DE ONAFHANKELIJKE

Der provincie Limburg

11 maart 1877

Herinner jij je nog, als puber, dat vader of moeder meer dan eens herhaalde: “Gij moest maar eens in onze tijd geleefd hebben, toen ging er heel anders  aan toe, we moesten luisteren …”. Meestal was zo een uitspraak een gevolg van  een protest of ongehoorzaamheid van zoon of dochter ten opzichte van de ouders.

Je kreeg dan de indruk dat het vanaf je eigen bestaan in deze wereld alles was veranderd in negatieve zin: ongehoorzame kinderen, ontevredenheid en ongenoegen

Wat onze (groot)ouders wel verzwegen – doch zonder opzet –  was dat ook zij zulke opmerkingen of vermaningen kregen van hun ouders. En dan hebben we het niet over één  maar wel over verschillende generaties terug.

Zie maar eens naar het gedicht “ Als grootmoeder trouwde” verschenen in  DE ONAFHANKELIJKE  van 11 maart 1877.

Hierin beschrijft een onbekende dichter zijn verbijstering, ongenoegen en reclamatie  hoe het er in die tijd aan toe ging. In weinig punten heeft de tekst ingeboet als we deze toetsen aan de hedendaagse tijd.

Zelfs toen, in 1877, waren de dochters al eens uithuizig en de zonen vanaf 17 jaar pinten drinkend.
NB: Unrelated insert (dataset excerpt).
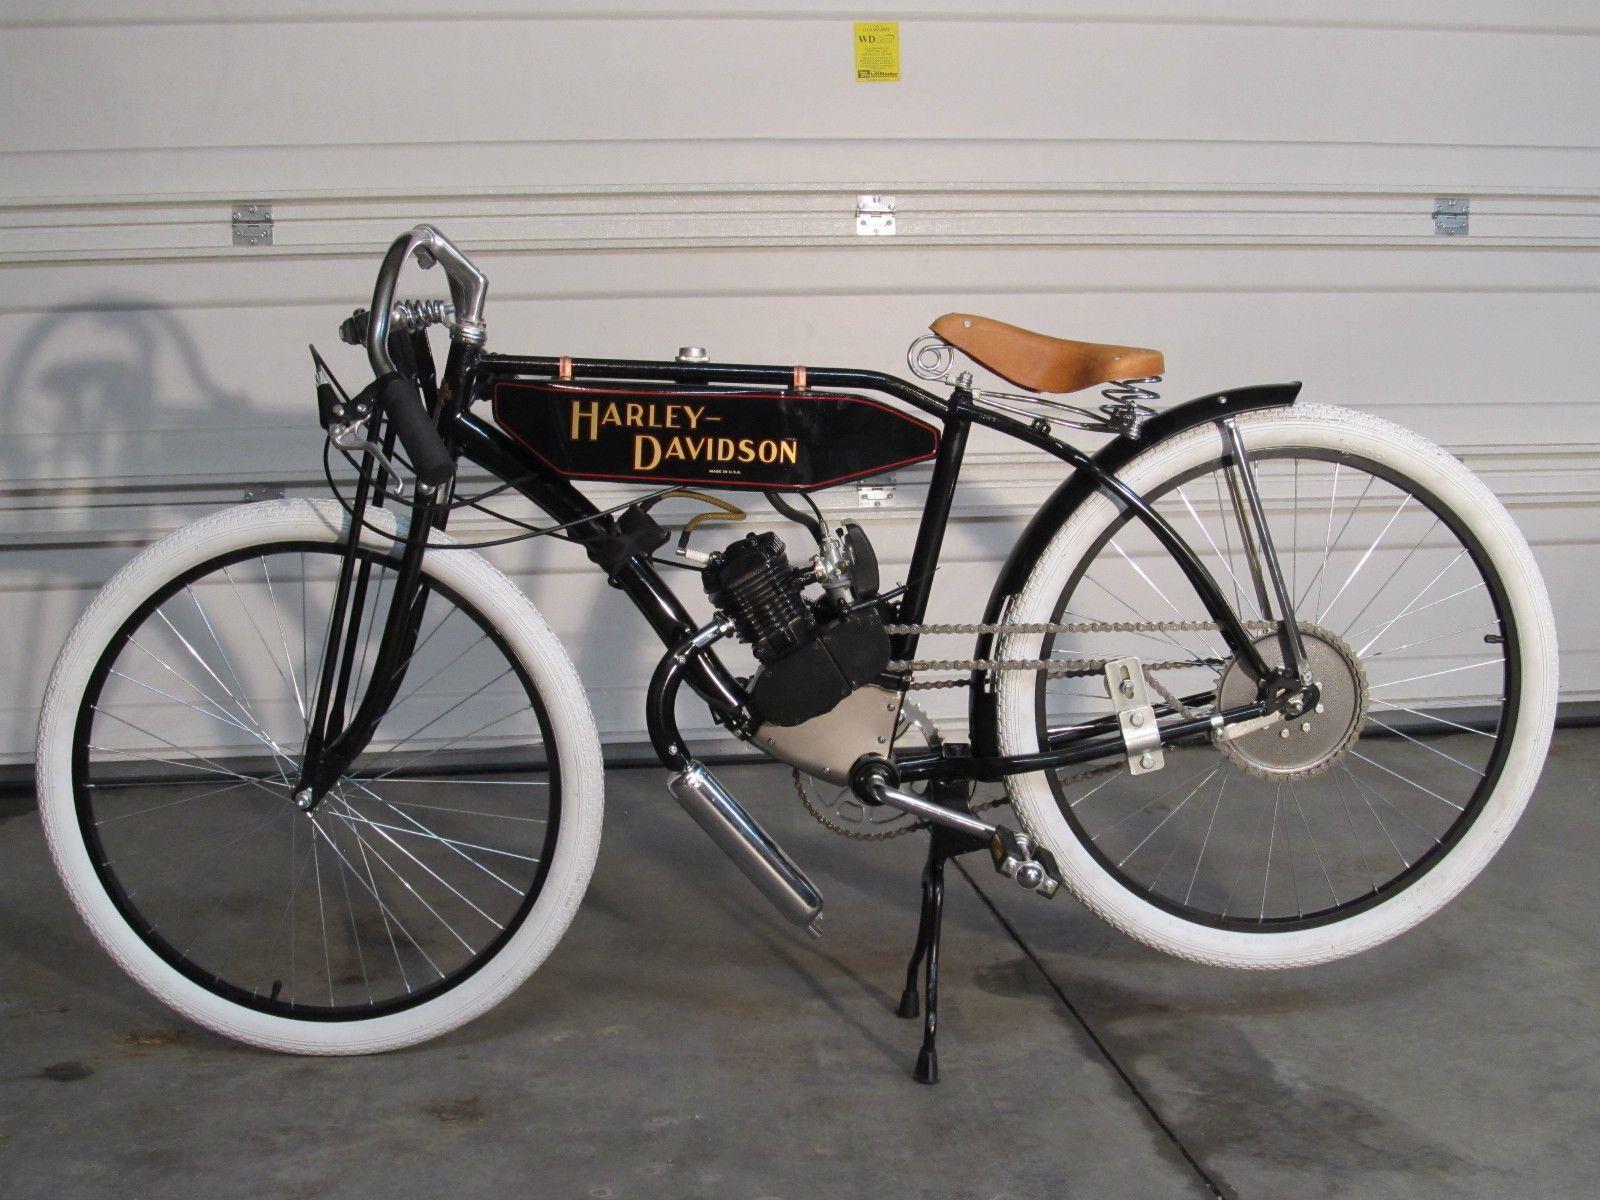 Harley Davidson Boardtrack Racer Replica Motorised Bike Vintage Bikes Motorcycles Motorized Bicycle

En toeval of niet, de fondsen in vers 10 hieronder, waarmee blijkbaar de toen nog niet uit de kluiten gewassen banken worden bedoeld,  kregen ook al de stempel mee van “ maar niemand ging loopen met hun kapitaal”  hetgeen we vandaag aan den lijve hebben ondervonden met de ‘bijna’ faling van de bankenmarkten. Zij zijn lo(o)pen gegaan met de spaarcenten van hun klanten

Was die ‘goede oude tijd’ echt zoveel beter als grootmoeder memoreerde  in 1877

Woordverklaringen:

crinolin = hoepelrok.

kaalaard = minder goed, berooid zijn.

poeďen = vermoedelijk poederen (zich opsmukken).